どんまい

いろいろあるけれど、それでいい

たわいもない時間

 新千歳空港にある喫茶店でアイスコーヒーを飲みながら、iPadの電源を入れ、フリーWi-Fiに接続した。ここ数日、書きたいことがいくつかあって、なのに、自宅に着き、シャワーを浴びて、夕飯を食べ、妻とお互いの話したいことを話したり、聞いていたりしていたら、眠くなってしまい、書きかけの文章は、保存したまま、気づけば、数日間が過ぎていた。

 新千歳空港に向かうまでの間も、先日、会った大学の友人であるヒロと会ったことが、頭の中に何度となく浮かんだ。

 名前は平山なのに、あだ名が「ヒロ」。ヒロは、初めて会ってまもなく、「ヒラ」だと、平社員みたいだから、「ヒロ」と呼んでくれ、と自分から申し出て、ヒロになった。妻なんかに、そのエピソードを話しながら、平山なのにヒロって、と、私は、話しながら一人で笑ってしまう。

 そのヒロとすすきので再会し、近況や、大学の思い出話をいつものようにした。20年も前のことになると、記憶が朧げになってくる。ヒロは、PHSを持ってすぐに、私からPメールが届いた話を始めた。Pメールは、数十文字という文字数制限があり、そのPメールに、私は、文字数ギリギリまで、うんこうんこうんこと、ただうんこと送ったらしい。送られてきた時、ちょうどうんこをしていたんだ、とヒロは話したが、ヒロの作り話の可能性はある。
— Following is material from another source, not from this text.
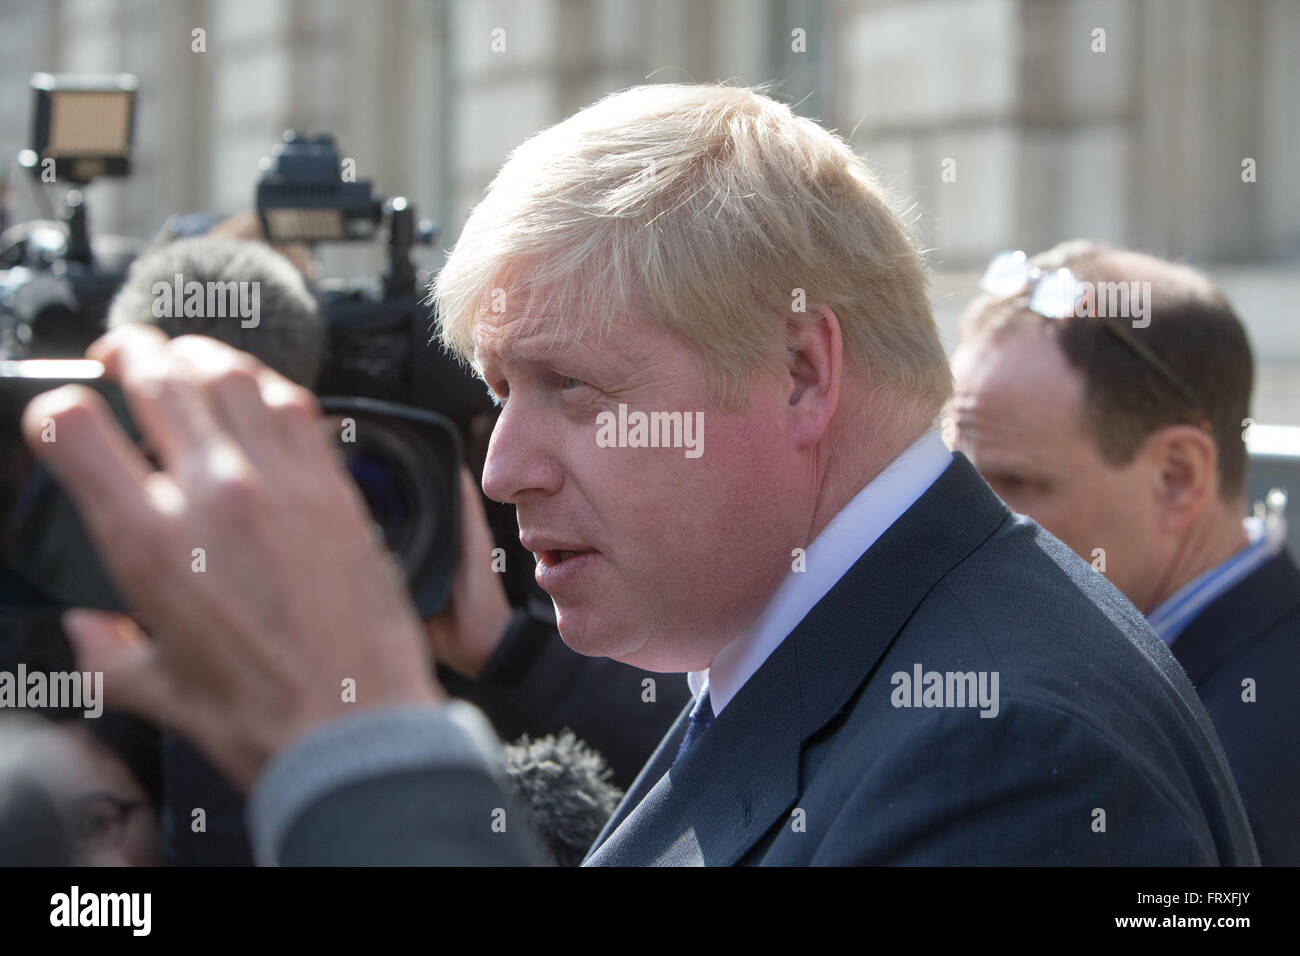 Boris Johnson,Mayor of London and MP for Uxbridge and South Ruislip,at Number 10 Downing Street for a Cabinet meeting Stock Photo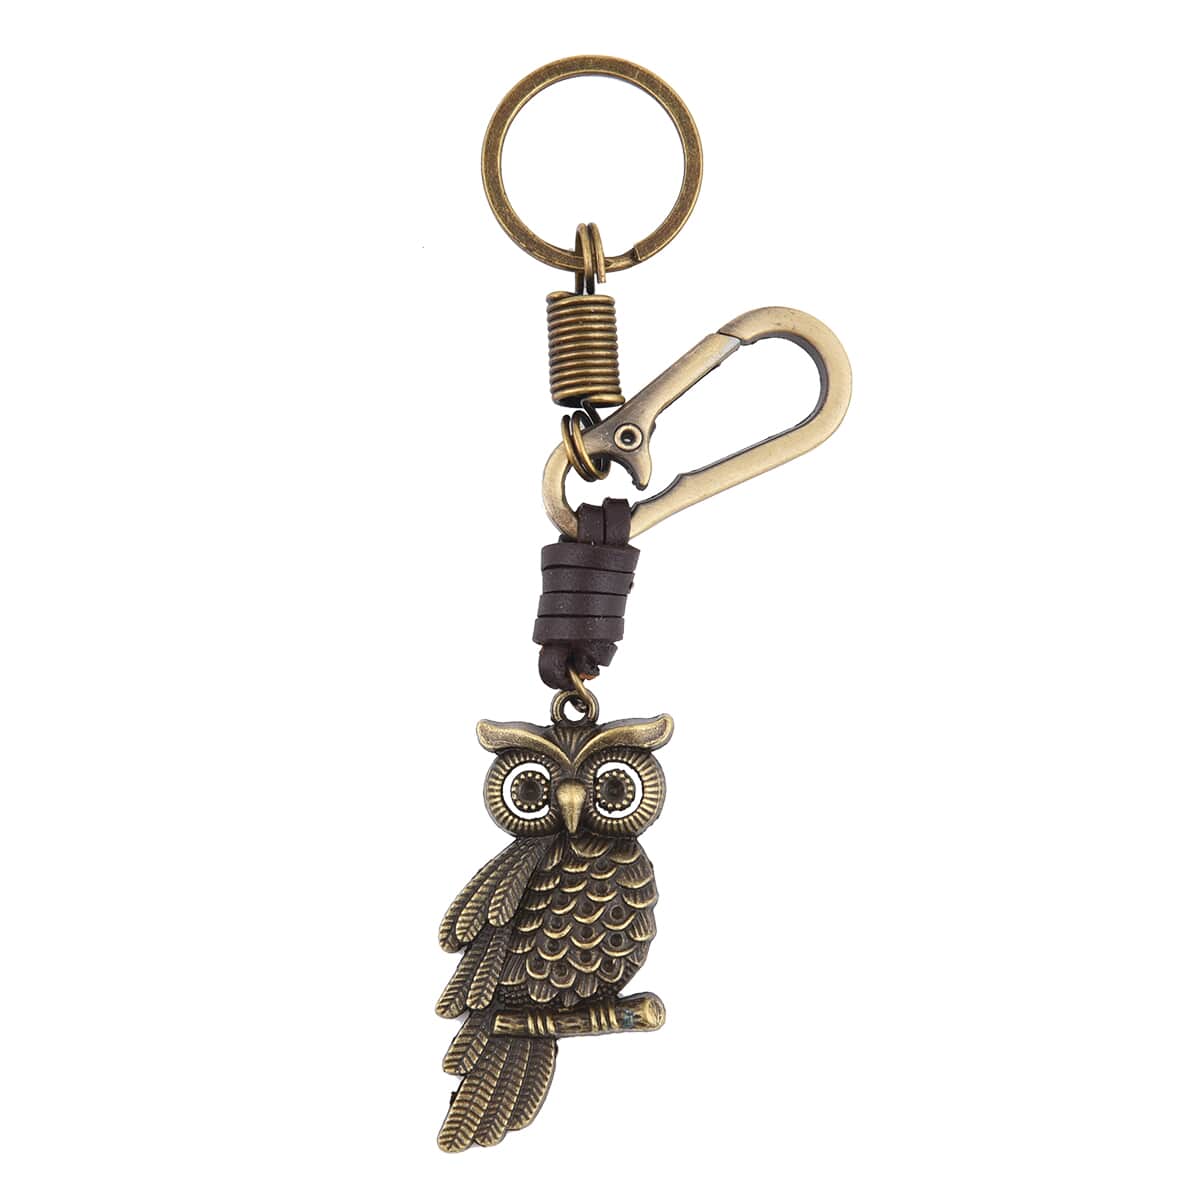 Set of 3 Keychain in Faux Leather and Goldtone - Leopard, Owl and Elephant Shape image number 2

 大学2年生の春、サークルに新入生を勧誘するというのが、私にとっては嫌で、嫌で仕方なく、滅多に食欲がなくなることはないのだが、食欲がなくなるほど苦痛で、ヒロに、俺、初対面の人に話しかけるのが嫌で嫌で仕方ない、ということを勇気を出して言ってみたところ、ヒロは、俺もだよ、と一言、言った。その言葉が、私にとって救いの言葉となり、それから、私は、ヒロとよく遊ぶようになった。妻にその話をすると、10回以上聞いたと言われた。

 そのヒロは、大学を卒業して何年経ったかは忘れたが、ある年末に、大学時代からつきあっていた彼女にふられた。電話越しに私は、今から迎えに行くわ、と新潟から福島に迎えに行った。たまたま、真之介というもう一人の大学の友人が、私の自宅に遊びに来ていたこともあり、せっかくなら、一緒に遊ぼうよくらいのノリで、雪道の高速道路を走った。ヒロは、その時の話を何度となくする。今回も。それこそ10回以上。迎えに来てくれなかったら、もしかしたら死んでいたかもしれないと、ヒロを言っていた。ふられたヒロに、これと言って、何か言葉をかけた記憶はない。この年になって思うのだが、言葉よりも、ただ、ただ、そこにいて、たわいもない、いつもの時間が、誰かを救うこともあると今ならわかる。

 何の話からなのか、私の記憶では初めて、ヒロは、私を褒めた。お前の生き方は筋が通っているよ、と。えっ、どういうところで、そんなことを感じるの?と訊き、ずっと迷いながら生きてるよ、と続けた。一貫性があるというか、自分のルールがある。だから、話しやすい。私は、目を合わせるのが恥ずかしくて、まあ、20代の頃は、今より、寛容ではなかった気はするよ、と言った。

 ふと、ブログを書いている手を止めて、時計を見ると、出発時刻30分前になっていて、ダッシュしたが、搭乗手続きは終わっていて、スタッフに確認するも、虚しく、無情に、飛行機に乗り遅れた。私は、項垂れながら、この文字を書き終える。